# Looking For Feedback



## someoneshero (Jun 26, 2011)

Hello,

I am just starting out. Actually this weekend marks our one month anniversary! I also sell Brazilian cowhides wholesale and have used Wix for my other sites. However, Wix websites are very limited. I needed inventory control, size and color options, as well as shipping allowances. I am using Volusion for my new t-shirt company. It is not as flashy as my other sites, but I think it gets the job done. I am bootstrapping this project, so cost is a factor. Please take a look at my site and let me know what you think.

Website: http://www.supportmyhero.com

*good idea?::* I have a page dedicated to heroes where people can write in and tell a story about their own personal hero and I can post it there along with a picture. I think this will get customers to return to the site even if their first thought is not to purchase.

I will be showing the exact amount I have given back to each charity listed by their organization. This will be updated on a quarterly basis, as that is when taxes are due.

What do you think about the home screen picture? Too political? Sets a good tone?

Please jump around and let me know what you think. I am sincerely in this to give back, but if I do not have sales, I cannot grow.

Thank you for your input.


----------



## onfrontstreet (Jun 13, 2011)

This is a nice start. You have a lot of the key elements like E-mail Newsletter, Social Media links (FB, Twitter), and security badge to show you are secure. 

My suggestions:
-Re-theme so it doesn't look so generic
-Add SHOP to the top navigation
-Add pictures of the actual tee on Top Sellers & New Products
-Ditch the information-less frontpage image and put images that show what you are selling along with some "call to action words" (perhaps do a jQuery slider)

Hope that helps! Good luck!


----------



## Sport T (Nov 10, 2010)

I like the idea. I know you are going to list total donations on a quarterly basis and that is good as it gives you credability. I think you should also state how much from each shirt is going to the charity so the customer knows just how much of his purchase is donated.


----------



## someoneshero (Jun 26, 2011)

Thank you both for you feedback. You both make some really great points. I will revamp the site this weekend. That is the best thing about designing the site yourself, no extra money or time for adjustments.
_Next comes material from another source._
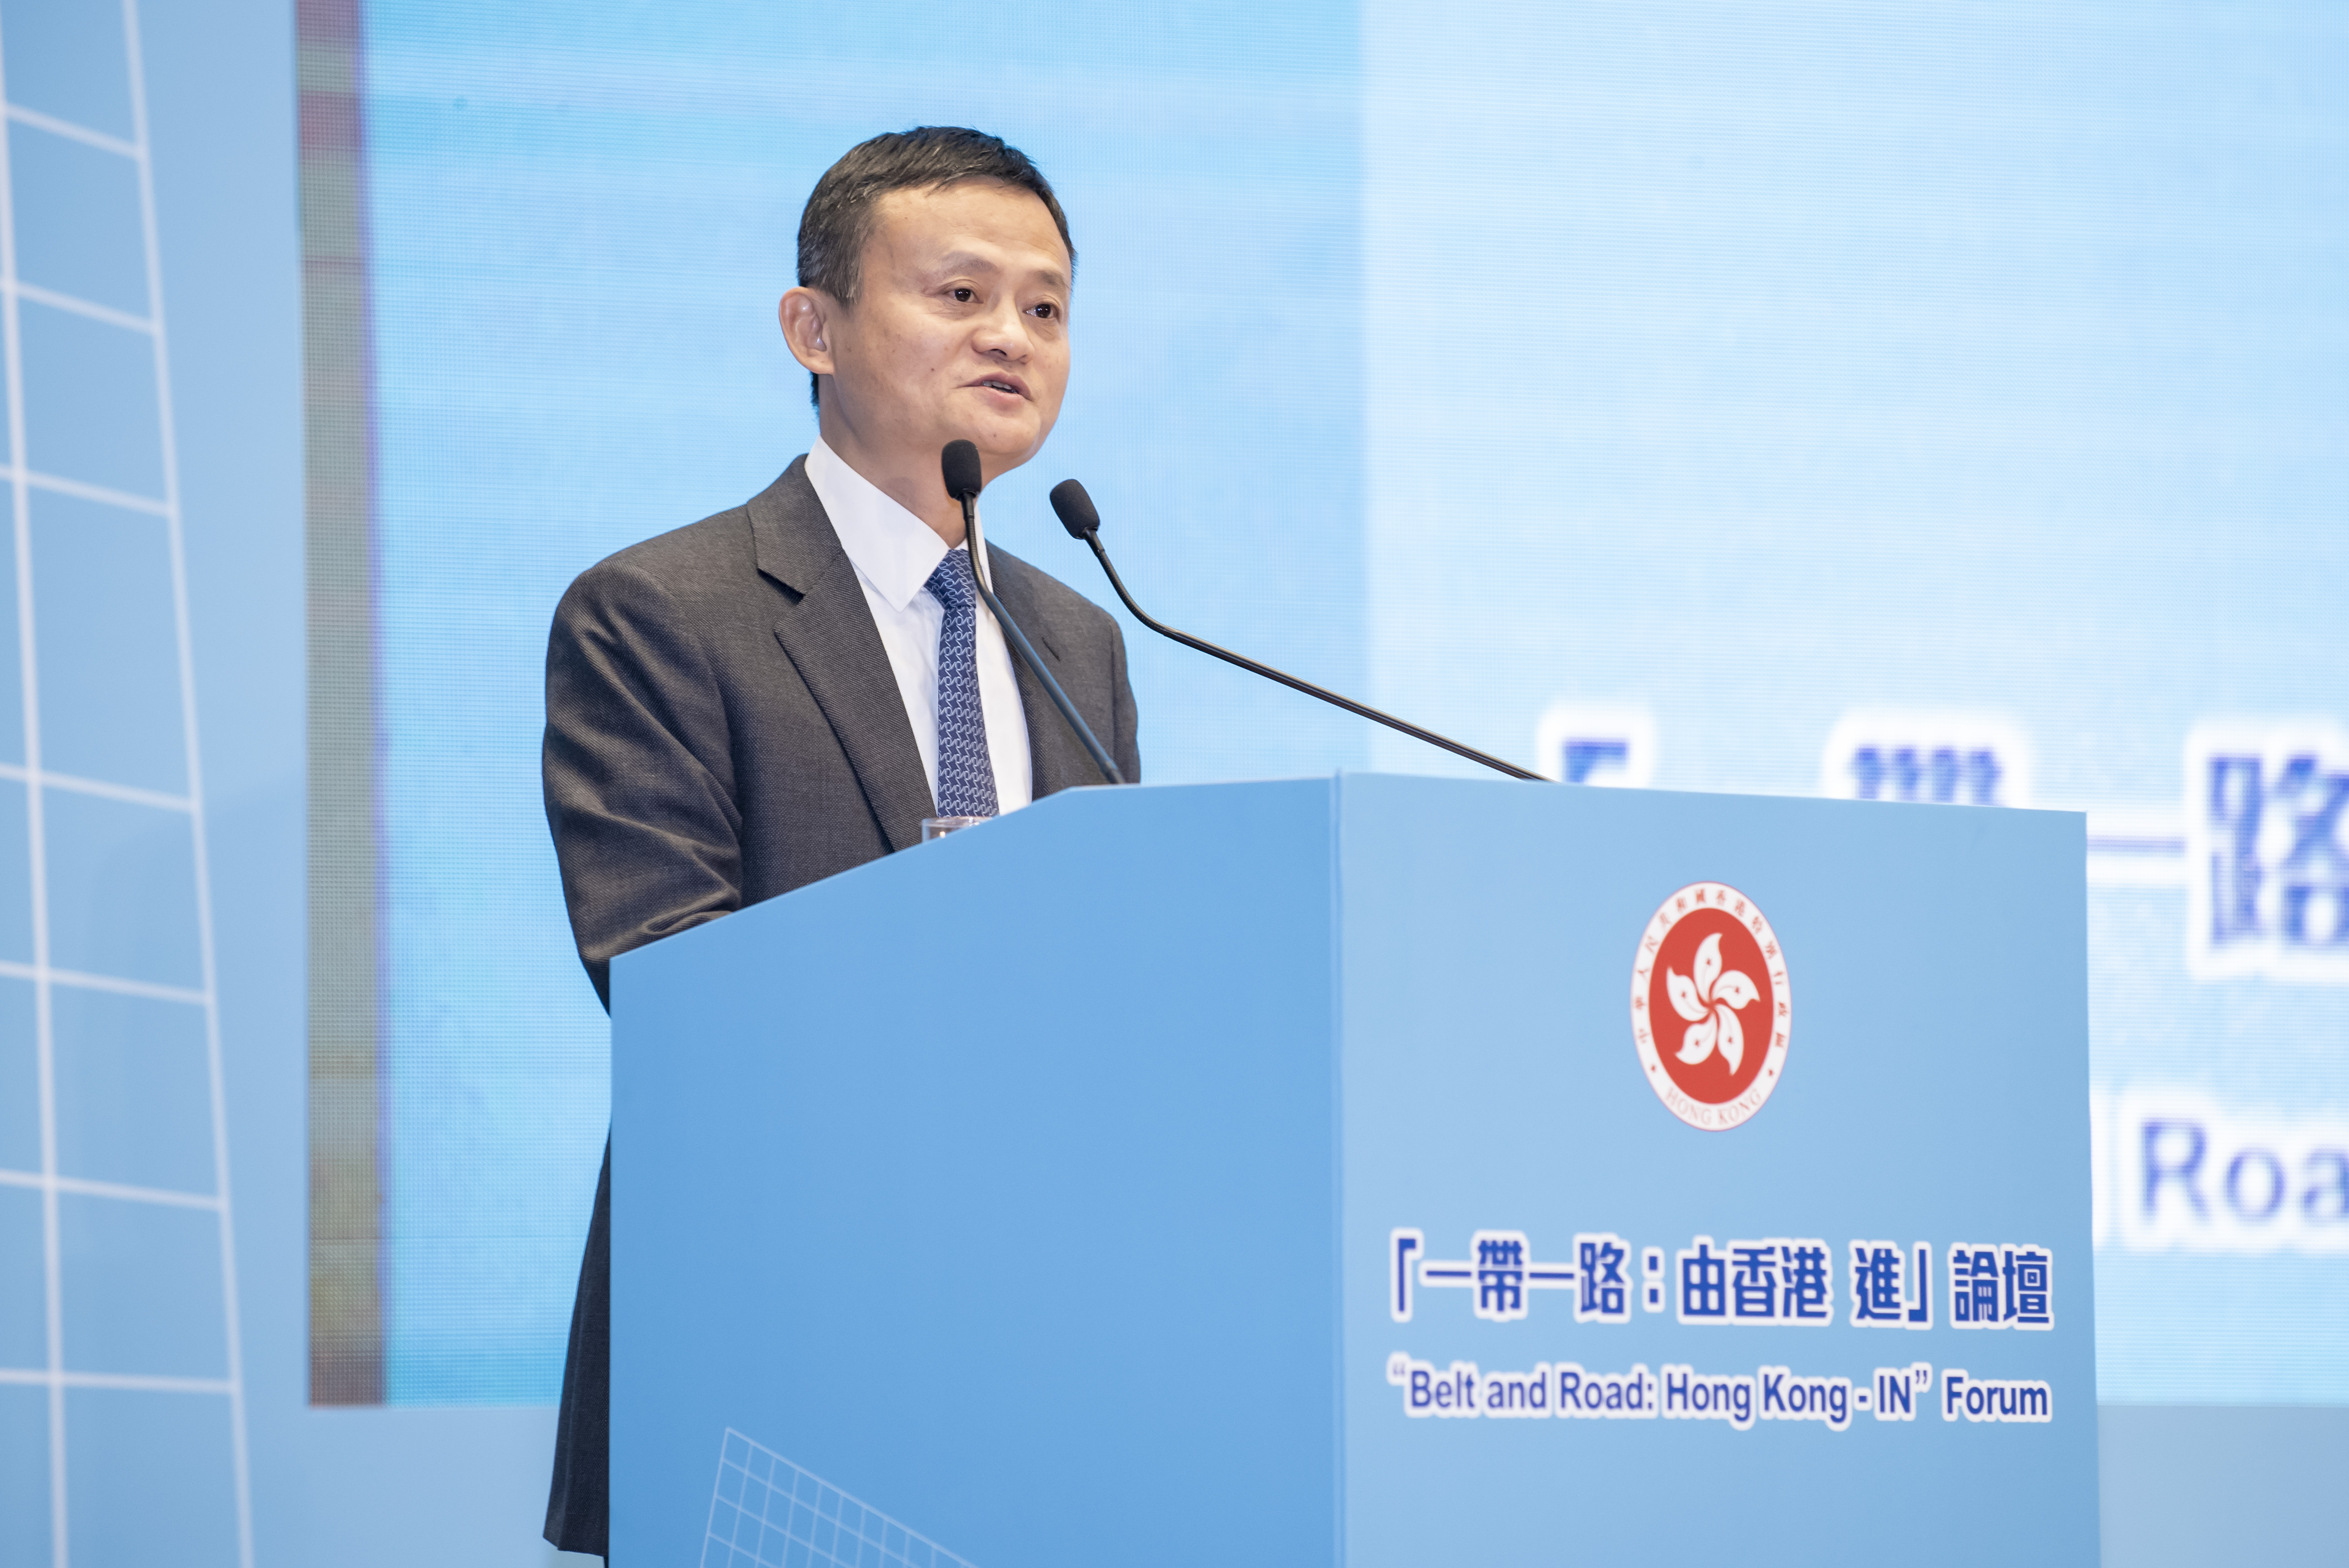 Mr Jack Ma, the Executive Chairman of the Alibaba Group, delivered a speech at the Forum from the perspective of private enterprises on leveraging Hong Kong’s advantages in professional services and expertise to serve as the launch-pad into the Belt and Road markets.

Best of luck to both of you in your endeavors as well!


----------



## someoneshero (Jun 26, 2011)

Just finished up some adjustments to my site. I changed some things up and moved some stuff around. Unfortunately, my website provider does not allow me to add pictures to "top sellers" and "new products". If you have a minute, check it out and let me know what you think.

Thank You


----------



## [email protected] (Sep 28, 2009)

you can't add " new products " to the ' new products " link ??


----------



## someoneshero (Jun 26, 2011)

mrance[USER=81172 said:


> @TH[/USER]egreeti;942991]you can't add " new products " to the ' new products " link ??


I can add new products, however they will not display the item's picture, just name.


----------



## [email protected] (Sep 28, 2009)

that sucks !...dump that platform and get another , even FB with the paypay app would be better, and its free.


----------



## Sport T (Nov 10, 2010)

someoneshero said:


> I can add new products, however they will not display the item's picture, just name.


I am pretty sure Volusion will allow you to do this. Contact them and ask how you need to set it up.


----------



## someoneshero (Jun 26, 2011)

Sport T said:


> I am pretty sure Volusion will allow you to do this. Contact them and ask how you need to set it up.


I have. I actually opened a "ticket" and they responded stating that no pictures can be added to those areas.


----------